What the task requires:
Which lines come from the start of the listing through the line holding "Image may contain: cat, cartoon and handmade"? Restate exactly those, both included, minus the pictures.

Given material:
════════════════════
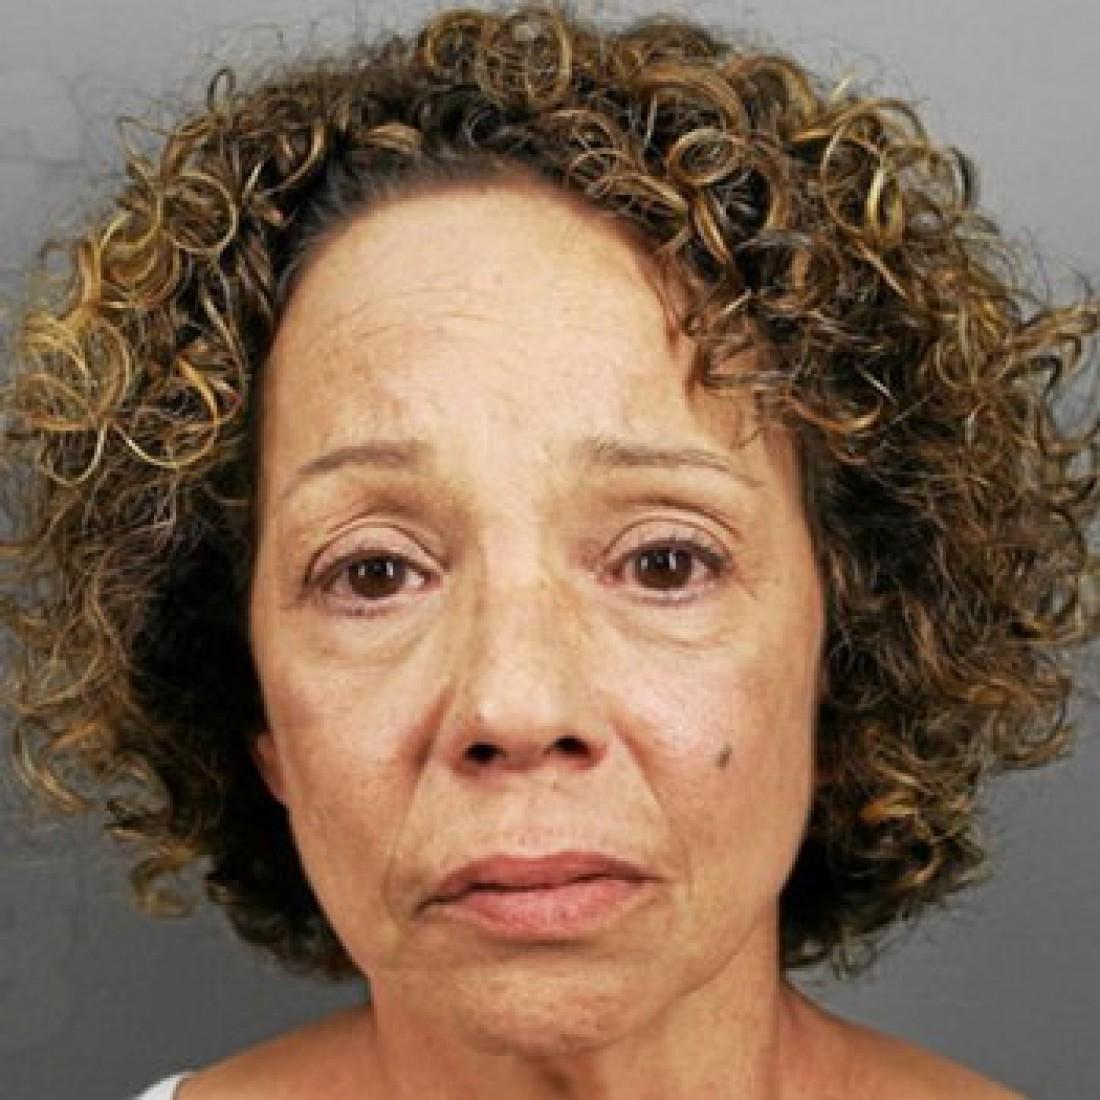 Умирающая отВИЧ сестра Мэрайи Кэри арестована запроституцию
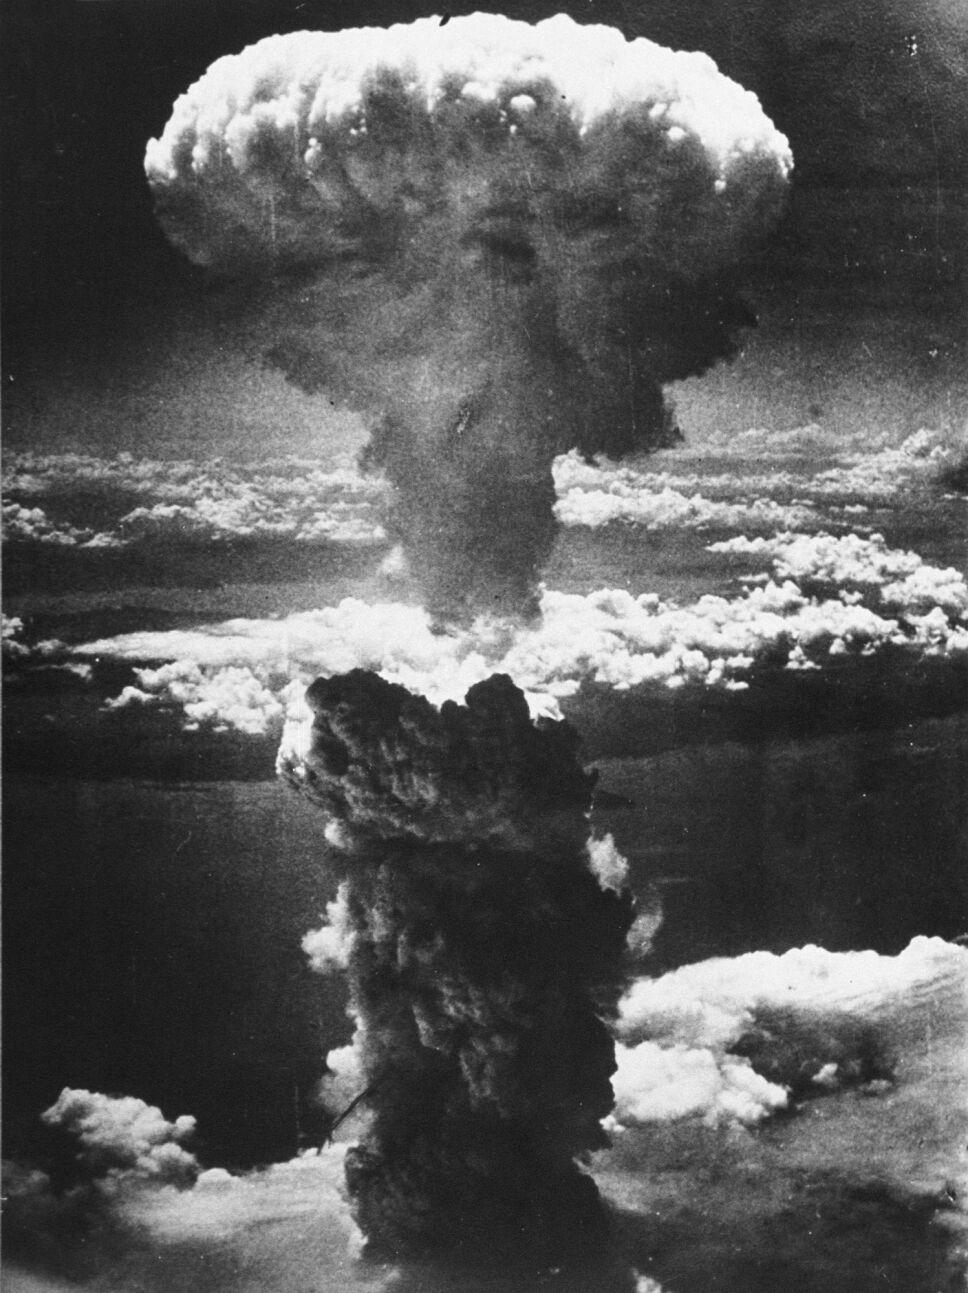 Explosión nuclear en Nagasaki, tres días después de que el ejército estadounidense redujera a escombros Hiroshima
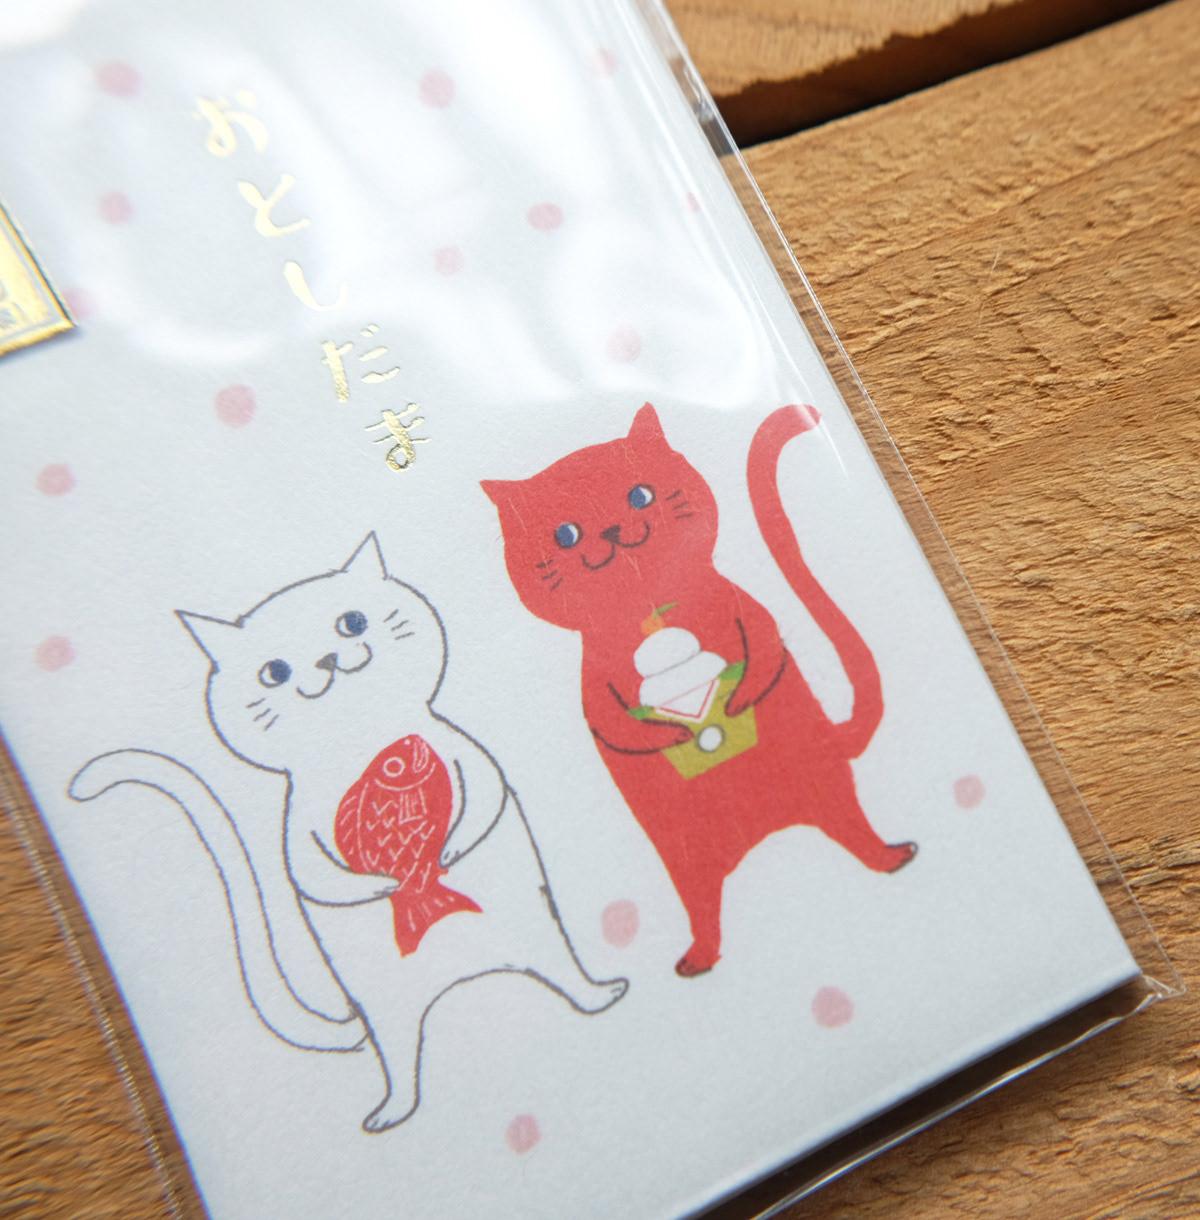 Image may contain: cat, cartoon and handmade
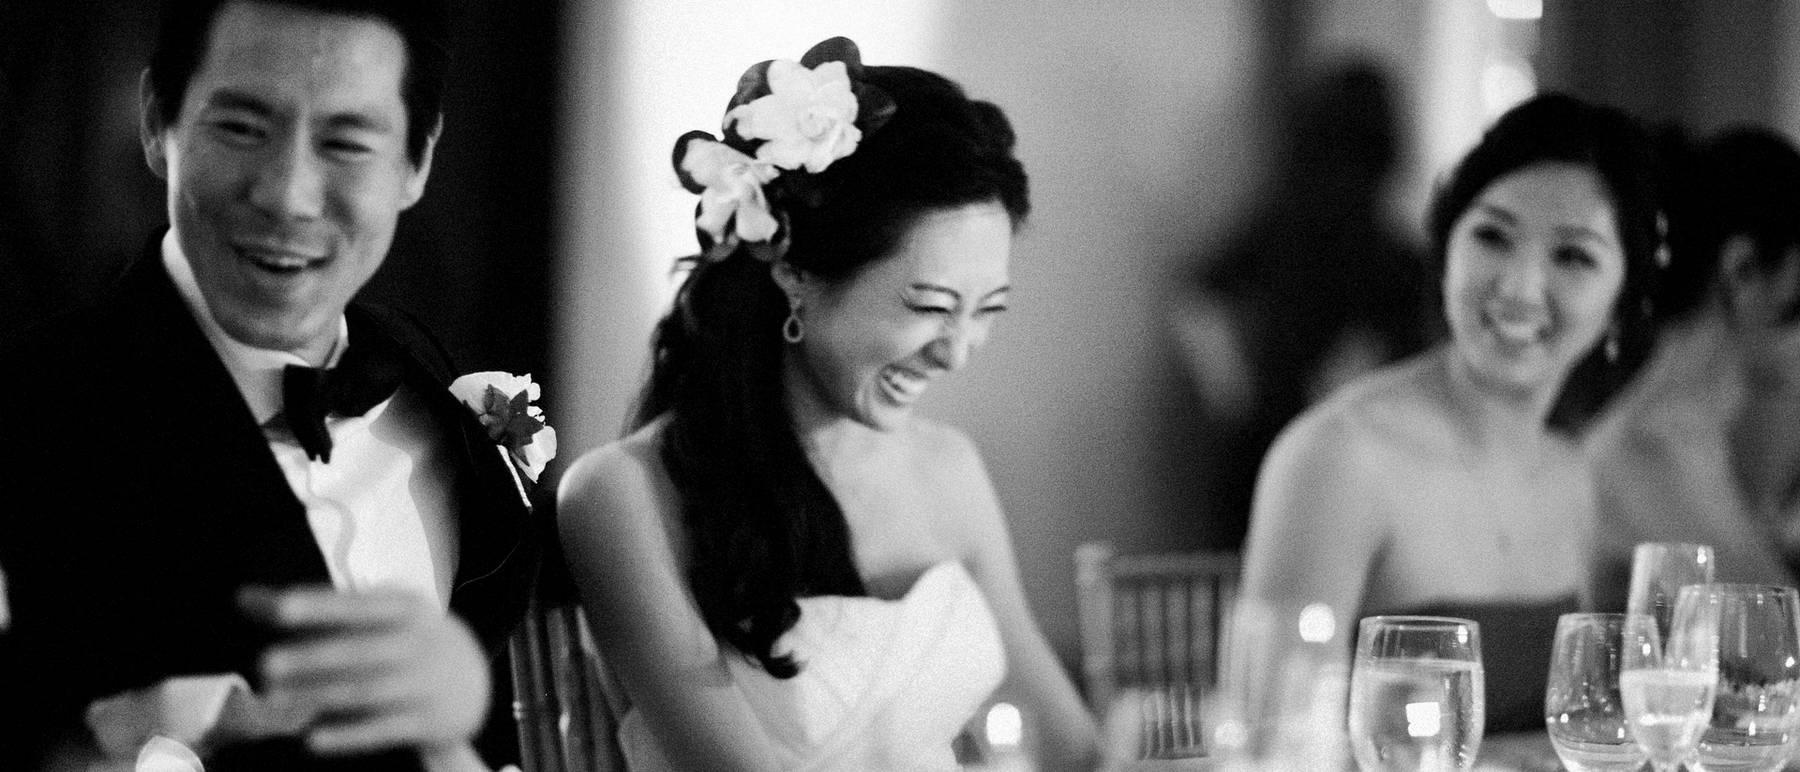 johnandjoseph-wedding-photographer-hz-slider-141
════════════════════
Response for this exercise:
 Умирающая отВИЧ сестра Мэрайи Кэри арестована запроституцию
 Explosión nuclear en Nagasaki, tres días después de que el ejército estadounidense redujera a escombros Hiroshima
 Image may contain: cat, cartoon and handmade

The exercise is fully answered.